The Watcher

Home > Other > The Watcher > Page 2
The Watcher Page 2

by Dolores Hitchens


  CHAPTER TWO

  LATER, LARRY got up and took a couple of glasses from the shelves and poured them full of beer. He took them back to the bed and then he and Molly lay there, his arm under her, lifting their heads now and then to sip.

  “How’s it going at home?” he asked.

  “Oh . . . about the same. Just, Uncle Florian’s up and around again.”

  “Is he going to let you in tonight?”

  “Yes. That’s a relief.”

  “He’s quite a guy.”

  The silence drifted in again, a stillness compounded of the night, the empty boatyard, the faint faraway slap of little waves at the edges of the float. On the ceiling Molly could see a spider, a daddy longlegs, poised motionless in a faint web of shadow. The breeze shivered the blanket scraps that served as window curtains.
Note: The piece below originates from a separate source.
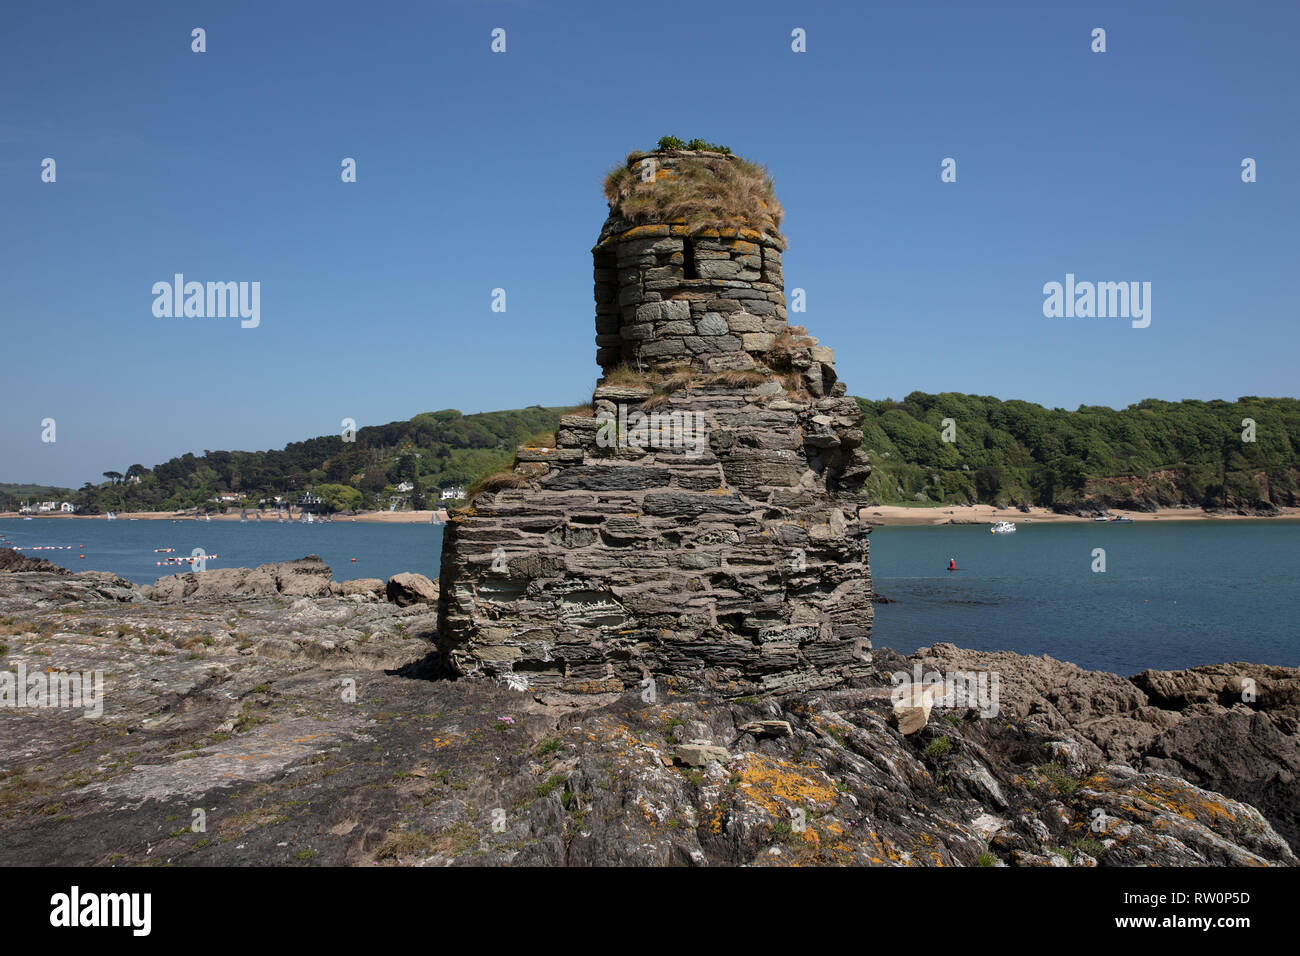 Salcombe Castle or Fort Charles is a ruined fortification just off the beach of North Sands in Salcombe, Devon, England. Stock Photo

  There was no need to ask Larry how things were with him. She knew. He hadn’t any folks, any family at all. Two years ago he had run away from an institution in Minneapolis, an orphanage run by some very religious people whose religion had somehow not taken with Larry. He’d hitchhiked West, with stopovers in El Paso and Phoenix. He’d washed dishes in a Los Angeles beanery, finally drifting down to the Newport—Balboa Bay area and the job with old man Warren. He helped around the boatyard during the day, slept on the premises as a watchman at night; and he took things as they came. He didn’t worry, as Molly did, because he was under age and their love was out of bounds, they were breaking the law, and if her parents learned of it the disgrace might kill them.

  He was not particularly afraid of juvenile authorities. He had never attracted their attention. He looked older than he was; he could, and did, pass for twenty. He thought that the orphanage people must have given up trying to trace him long ago.
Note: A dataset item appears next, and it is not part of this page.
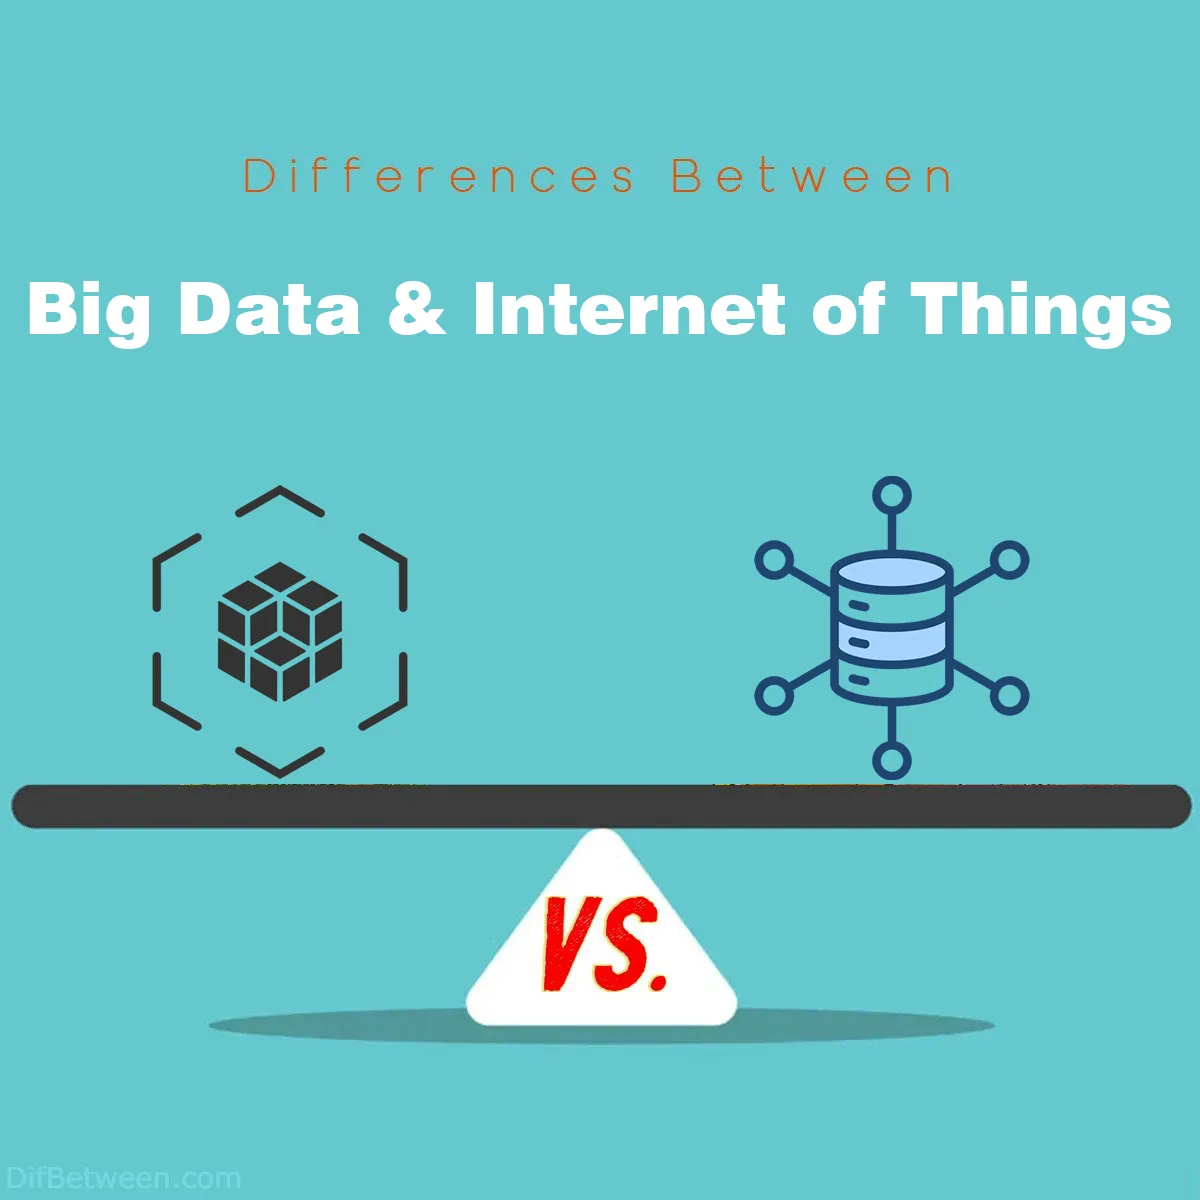 Differences Between Big Data and Internet of Things

  He crawled from the bed again and brought the pretzel bag, opened it, dumped the pretzels on the blanket, then refilled the glasses with beer. This time he didn’t lie down; he sat beside her with his legs crossed, munched pretzels, looked at her. He was not a talkative boy.

  She said, “What kind of job are you doing for Warren now?”

  “The same thing, the schoolteacher’s boat. Finishing up the painting.”

  She caught his free hand in hers, spread the blunt, stocky fingers. “Uh-huh. Green and white.”

  He grinned at her, his teeth shining.

  She pressed his palm to her cheek. “He works you too damned hard.”

  Larry laughed at the idea.

  “When shall we go to Laguna?”

  He shrugged. “Go tomorrow if you want.”

  “Will the paint job be done?”

  “Probably not. It doesn’t matter. The teacher hangs around here, keeps wanting little changes. Let Warren listen to him.” He grinned suddenly. “Today he got to talking to me. About myself. How long had I been here, where was I from, had I made any friends. What I did with my time.”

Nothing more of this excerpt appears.